Quantitative and Qualitative Assessment of Microplastics in Drinking Water, Raw Materials, and Animal Feed Additives

Introduction
The health and well-being of dairy cows are crucial for producing high-quality products. Exposure to environmental pollutants and nutritional factors may impact animal health, reduce milk and/or meat production and quality, and potentially transfer pollutants to the human food chain (Glatz et al., 2020). Plastic is one of the most significant pollutants that has recently received attention. The massive production, perceived lack of danger, and absence of cost-effective recycling options have resulted in plastics becoming the largest volume of waste in a growing trend. Plastics consist of various materials and chemical compounds with different shapes, colors, sizes, degradability, weights, and densities. The combination of these characteristics makes it challenging to track and identify their origin and the source of their dispersal in the environment (Ziani et al., 2023). 
In the process of degradation and decomposition of plastics, particles that reach a size smaller than 5 mm to approximately 1 µm are referred to as microplastics.
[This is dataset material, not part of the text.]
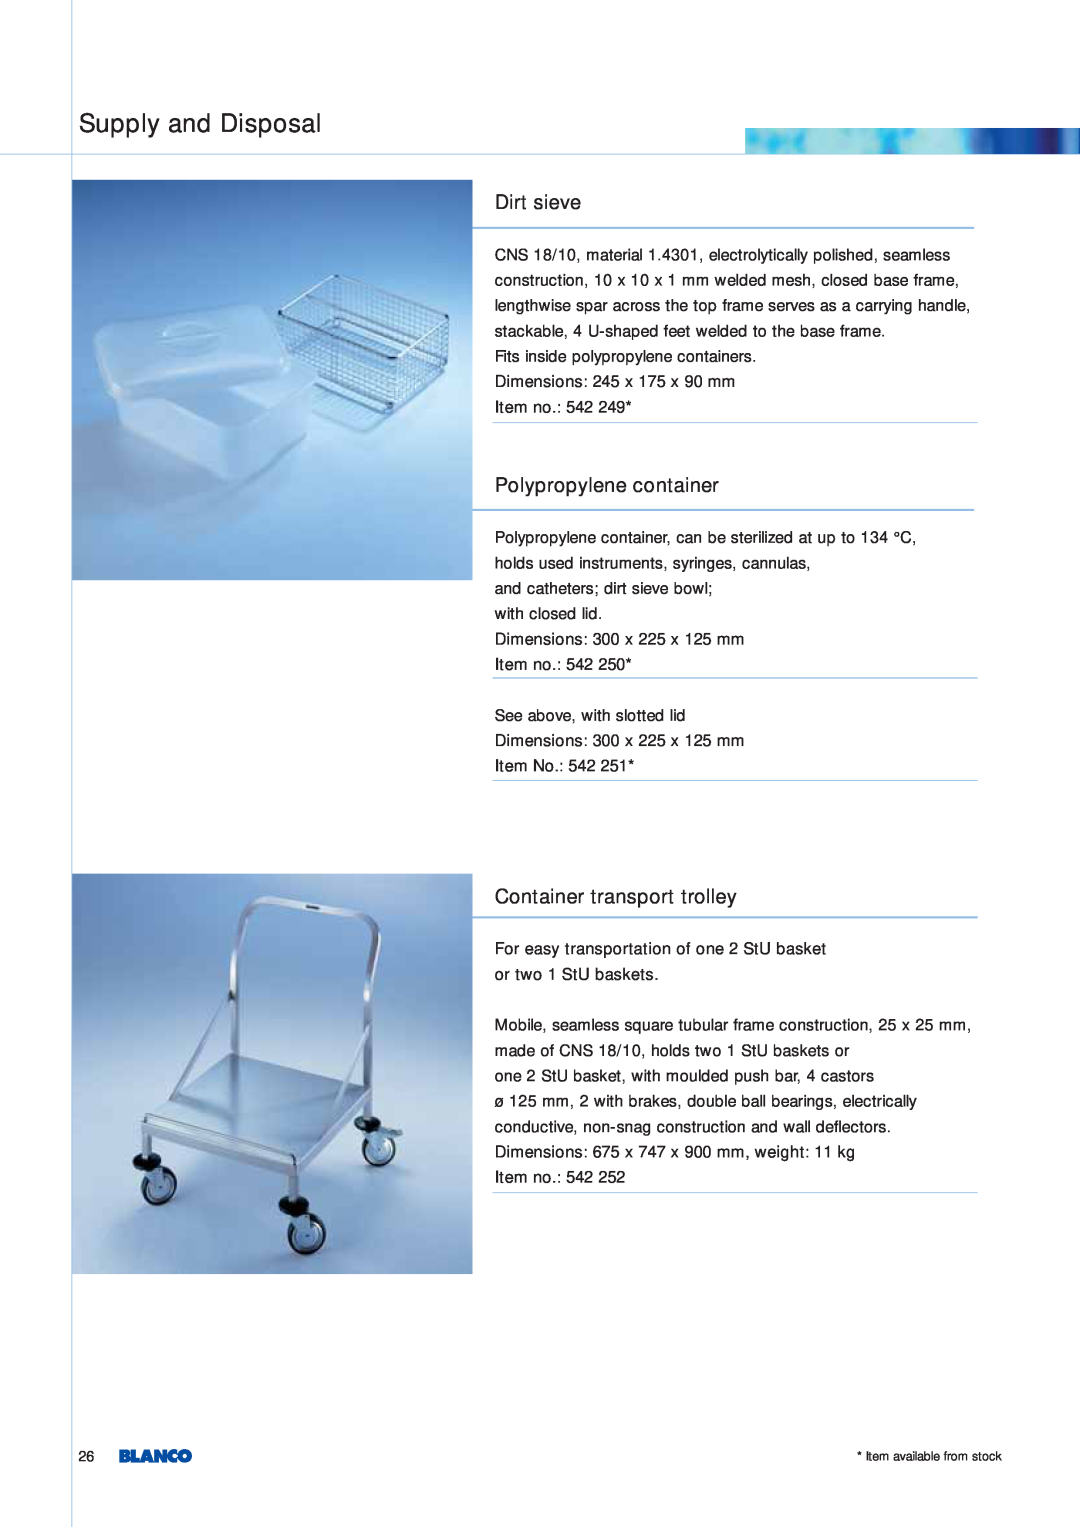 Blanco Tbingen manual Dirt sieve, Polypropylene container, Container transport trolley, Supply and Disposal

Microplastics can be formed through the fragmentation of larger plastic pieces or the breakdown of fibers and threads from synthetic polymers (secondary microplastics), or they can be produced and released through various means, often accompanied by wastewater or environmental accidents (primary microplastics) (Zhang et al., 2020; Lei et al., 2017). The threats posed by the increasing production and consumption of these synthetic materials have been recognized by the World Health Organization as “emerging pollutants” (Yu et al., 2022). 
The most likely route of exposure to microplastics in animals is through ingestion and consumption (Shi et al., 2022), although other entry pathways, such as respiratory or dermal routes, are also possible. In recent years, the presence of microplastics in soil, water, and agricultural products has become a concern due to the potential entry of microplastics into animal bodies from a food safety perspective. Despite the significant role of various animal products in human nutrition by providing a substantial portion of protein requirements through meat, dairy products, and other related animal-sourced products, limited research has been conducted in this area. Based on our studies, it is evident that there is a lack of quantitative and qualitative assessment of microplastics in various types of animal food, especially in Iran. Therefore, the aim of this study was to identify and estimate the quantity of microplastics in drinking water, complete diet, and some raw materials fed to dairy cows in two industrial dairy farms located in the Tehran and Babol regions.

Materials and Methods
Samples collection
Samples were collected from two dairy farms with significant geographical differences. The first farm (farm A) was located in Qarchak-Varamin, Tehran Province, and the second farm (farm B) was located in Babol, Mazandaran Province. Sampling was conducted using standard methods to collect primary sources of animal food from dairy farms. The samples included water (2 liters), raw materials (corn grain, barley grain, rapeseed meal, soybean meal, alfalfa, and wheat bran), mineral and vitamin supplements, salt, and total mixed ration (TMR), each about 500 g. 

Sample preparation 
In the laboratory, 5 g of each feed sample and 100 mL of water were used for the initial digestion process. The organic liquid was then removed using potassium hydroxide (KOH 10%), and the remaining liquid was filtered using a nitrocellulose filter (2.0 μm). The filtered samples were placed in a 6-mm plate in a jar and kept in a horizontal position away from dust for further observations and analysis. The samples were then observed under a stereomicroscope in a clean laboratory environment. Subsequently, 5 g of each sample was repeatedly mixed with six times its volume of water (approximately 30 mL) using a magnet stirrer. The mixture was then washed with a 500-μm sieve, and the bottom liquid was collected. 

Observation and examination of microplastics
To determine the length, width, color, and shape of each suspected plastic particle, each particle was observed using a TCA-3.0 Mega camera connected to a stereomicroscope with different magnifications and using additional white light. Each photo was analyzed using the using the software package Image-J, and the type of microplastics, including fragments (irregular fragments and foam particles), microbeads, microfilaments, film, as well as the color of microplastics, were measured and recorded. 

Accuracy of the test
To separate organic and environmental particles, microplastic particles were examined using a loop with different magnifications and the hot needle method. Smooth papers were placed in specialized plates with a diameter of 1 cm and were kept in foil containers to prevent environmental contamination. During the test process, a water container was placed as a control sample in the test location to identify any environmental contaminants (microplastics) that may have accidentally entered the samples during the testing process. To prevent any potential contamination from the technician’s clothing, a laboratory white coat was worn (Gallagher et al., 2016). 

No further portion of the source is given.